Exercise directions: Write down the listing again exactly as it appears below, without its pictures.

Dataset extract:
********
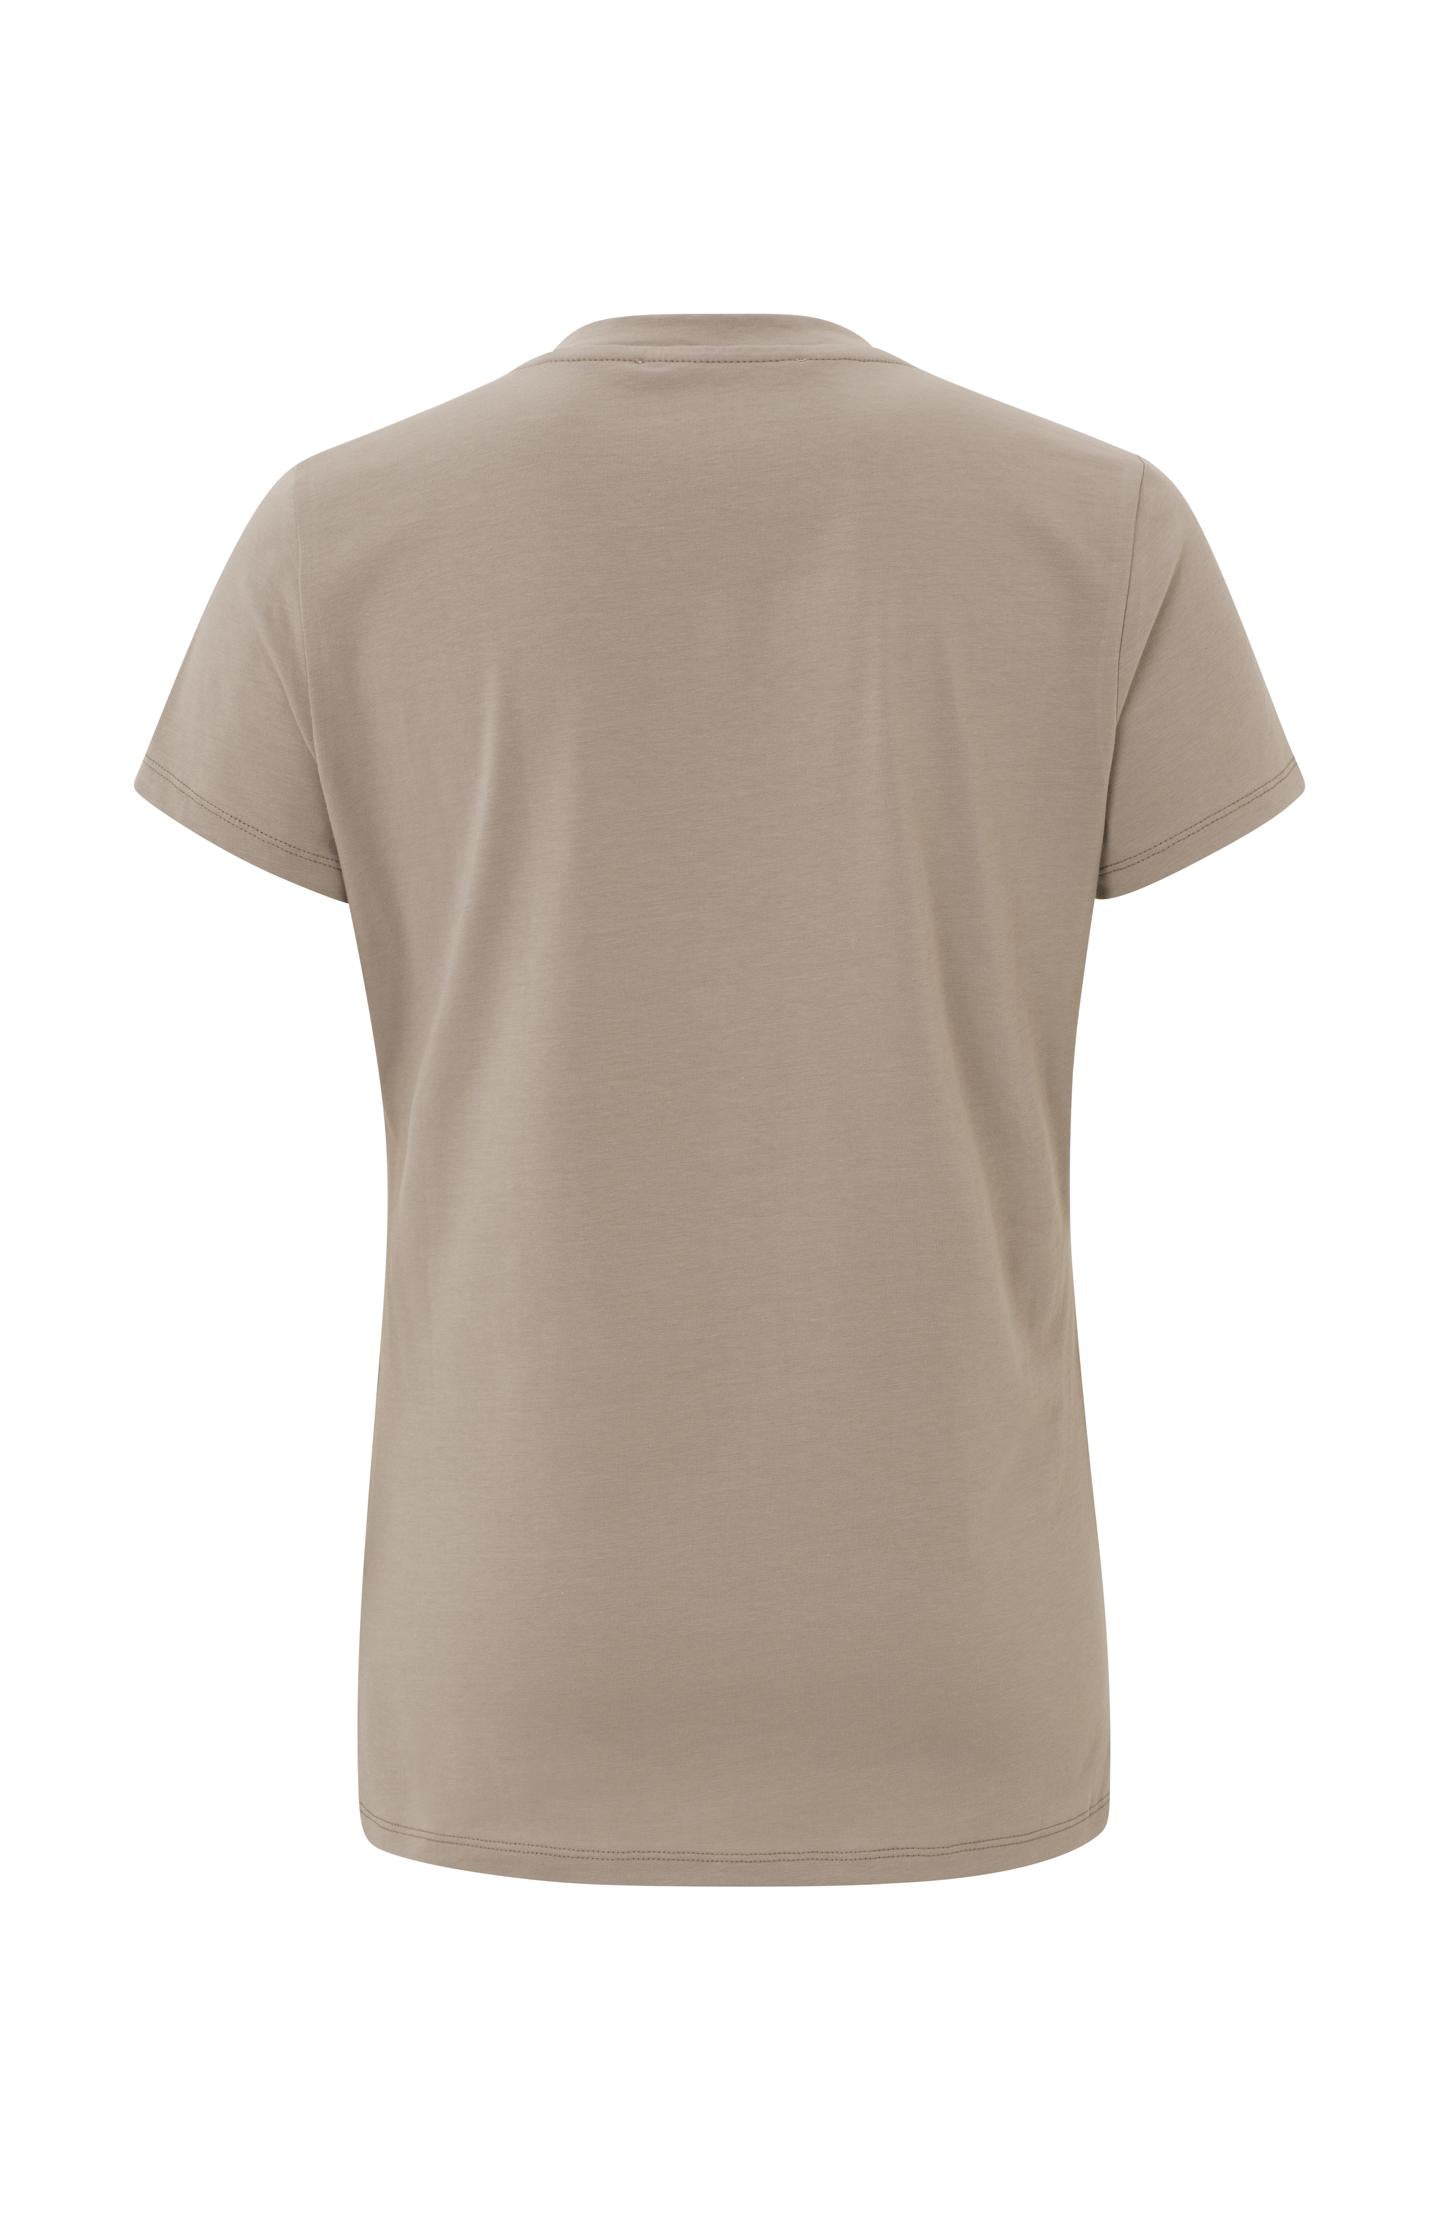 T-shirt with V-neck and short sleeves in regular fit
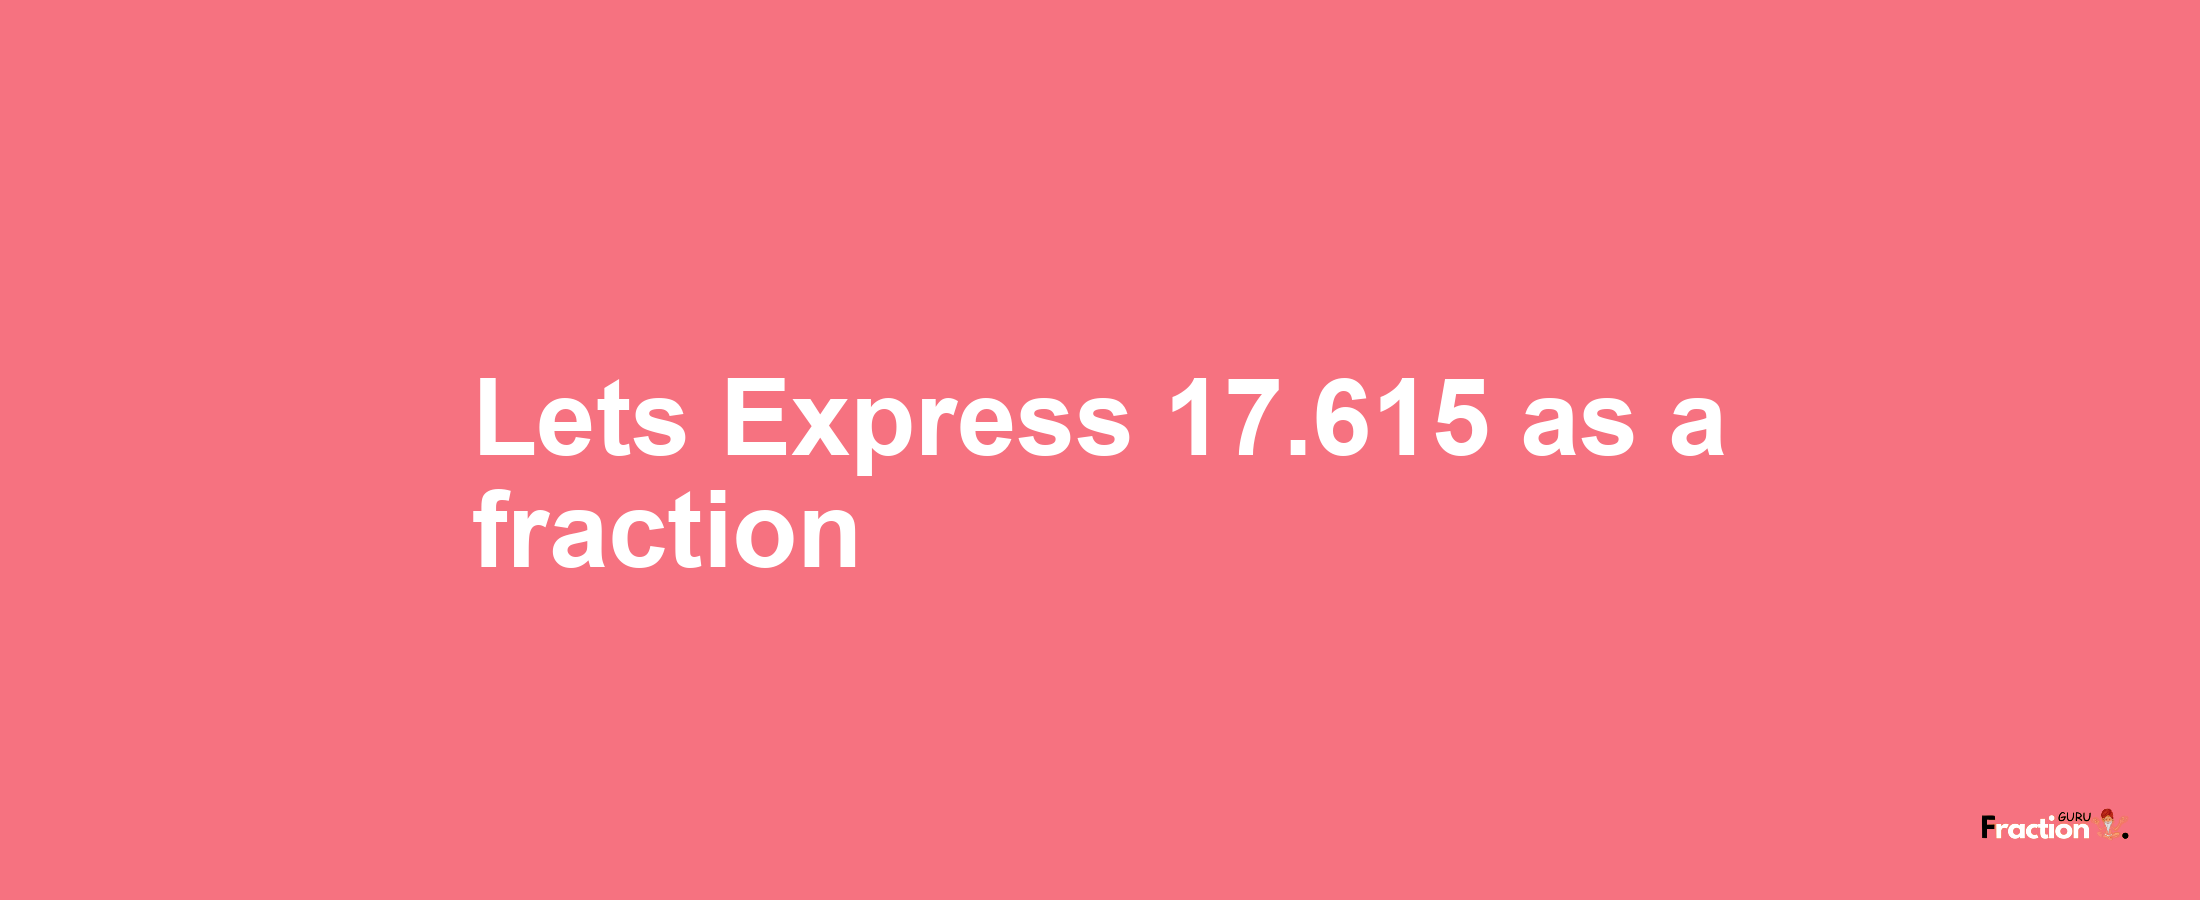 Lets Express 17.615 as afraction
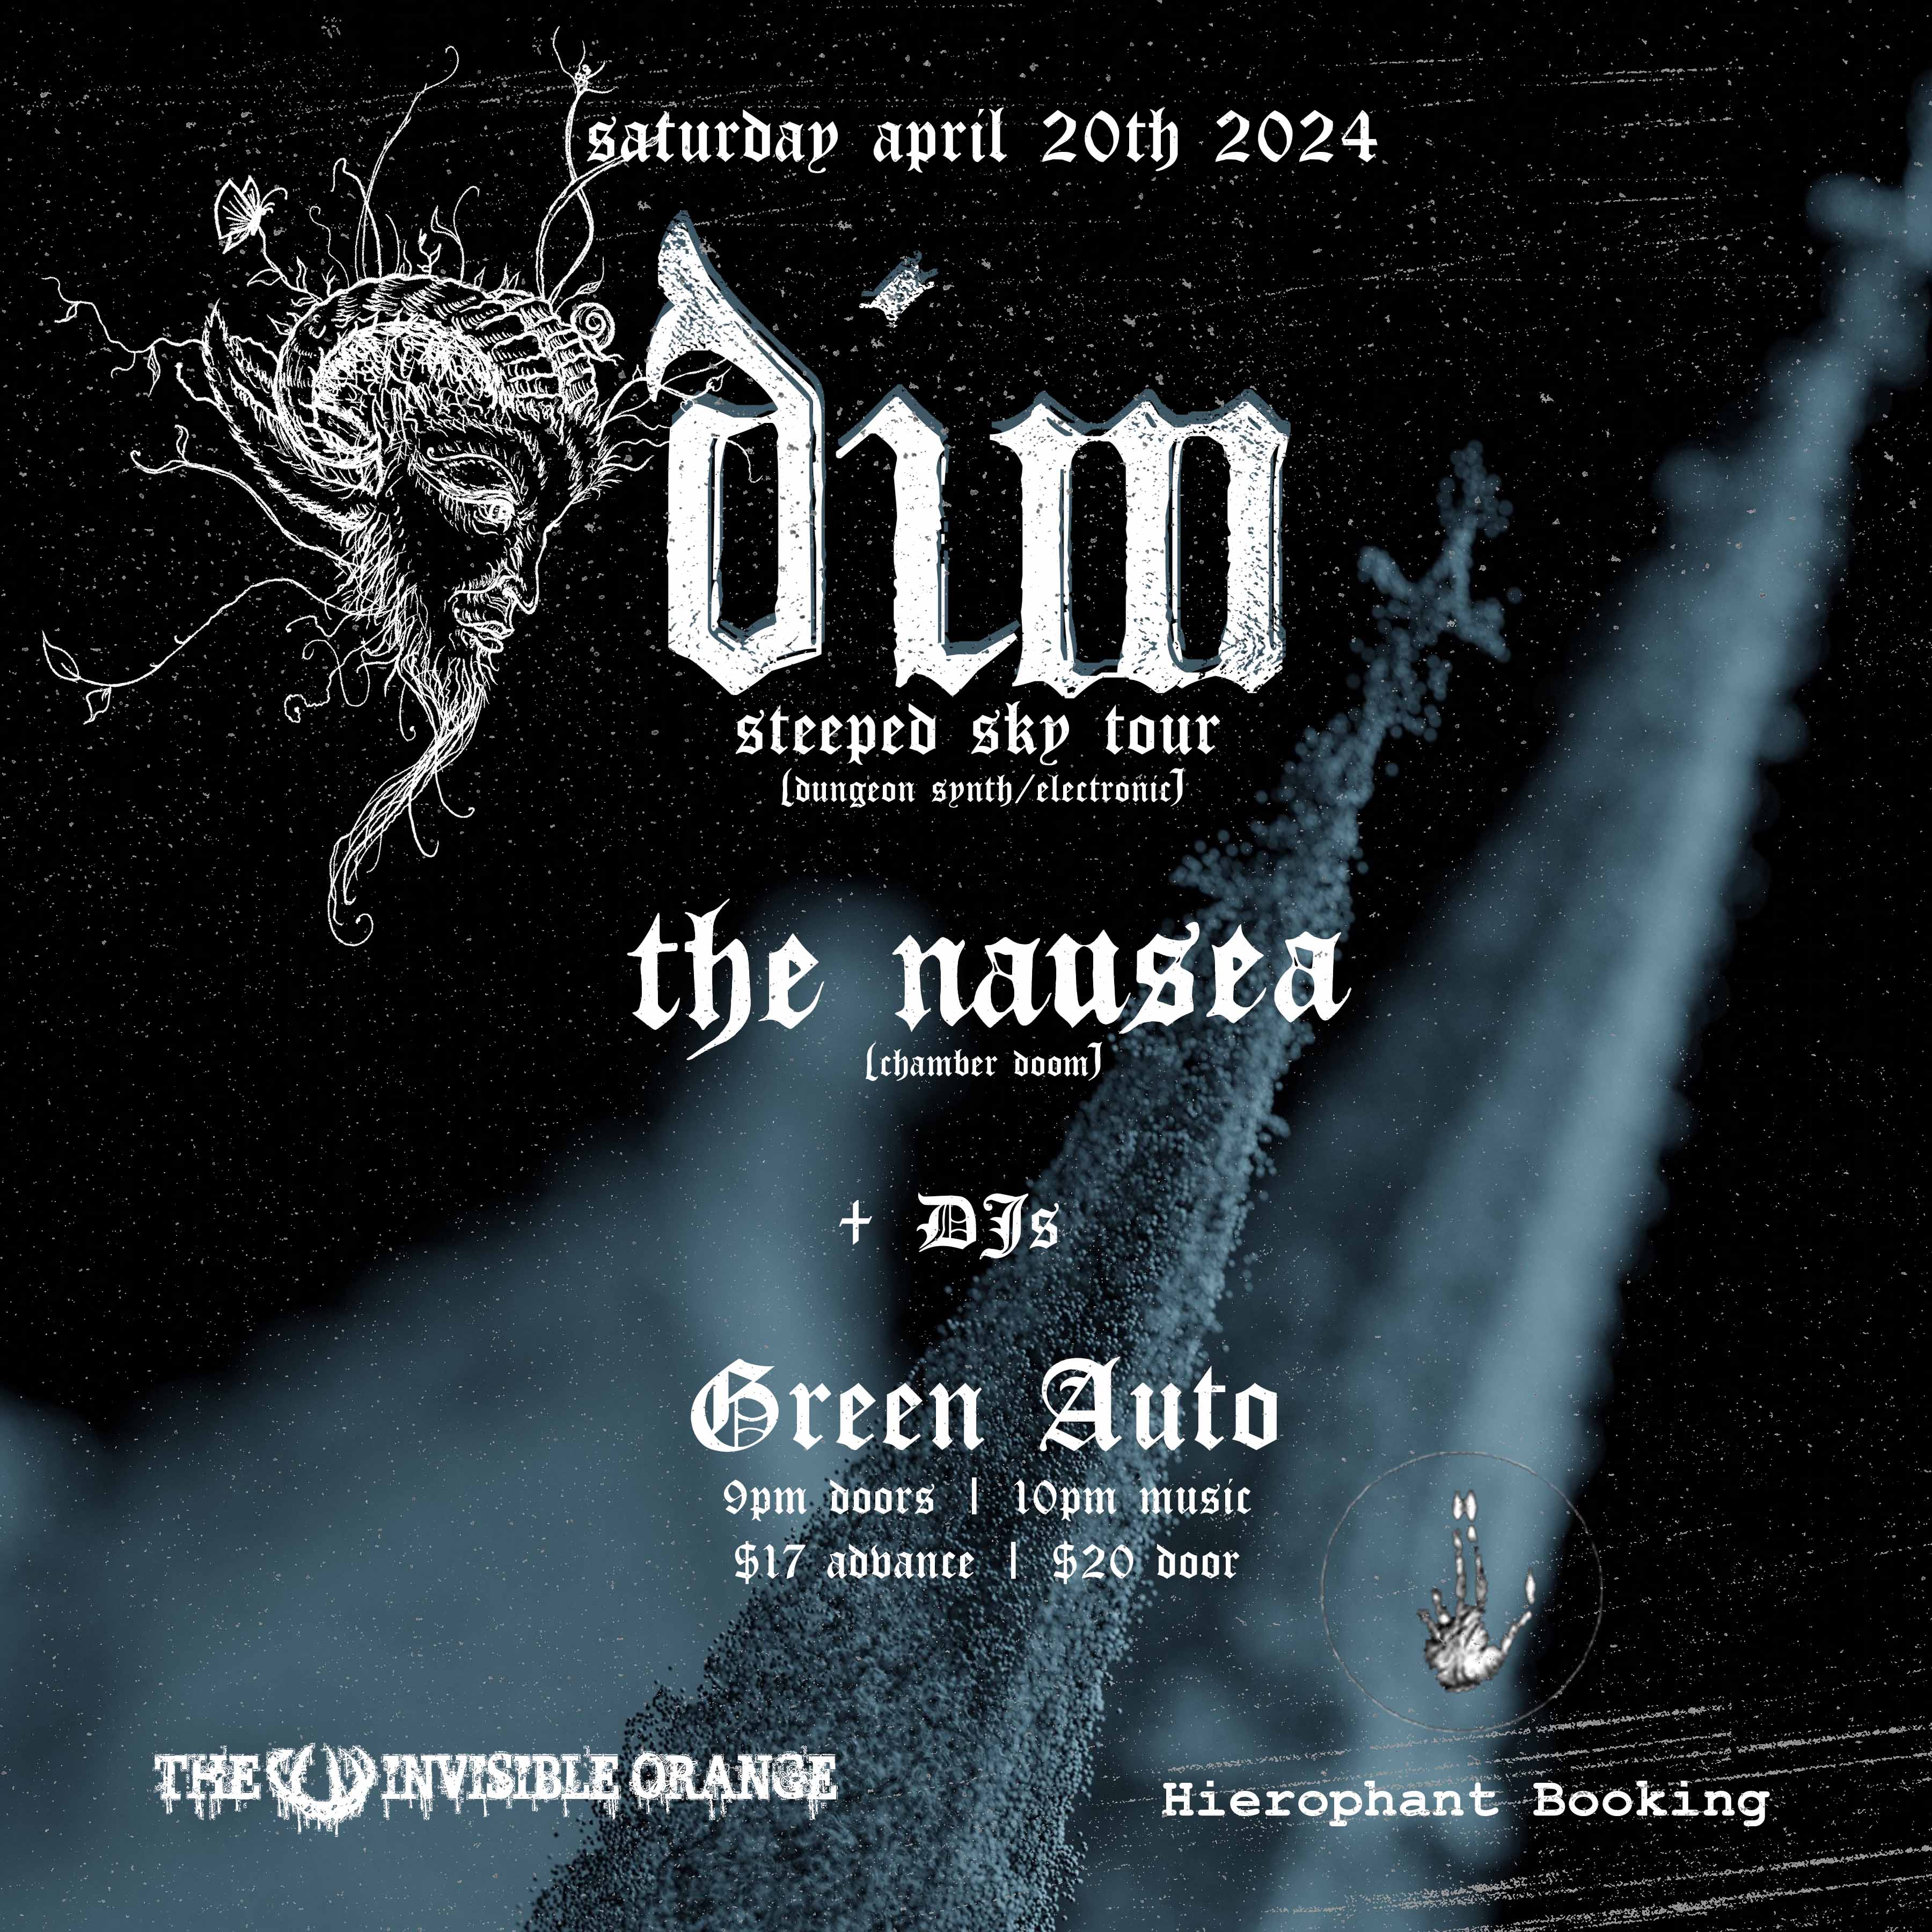 (CANCELLED) DIM, The Nausea, and DJs
********
Task solution:
 T-shirt with V-neck and short sleeves in regular fit
 Lets Express 17.615 as afraction
 (CANCELLED) DIM, The Nausea, and DJs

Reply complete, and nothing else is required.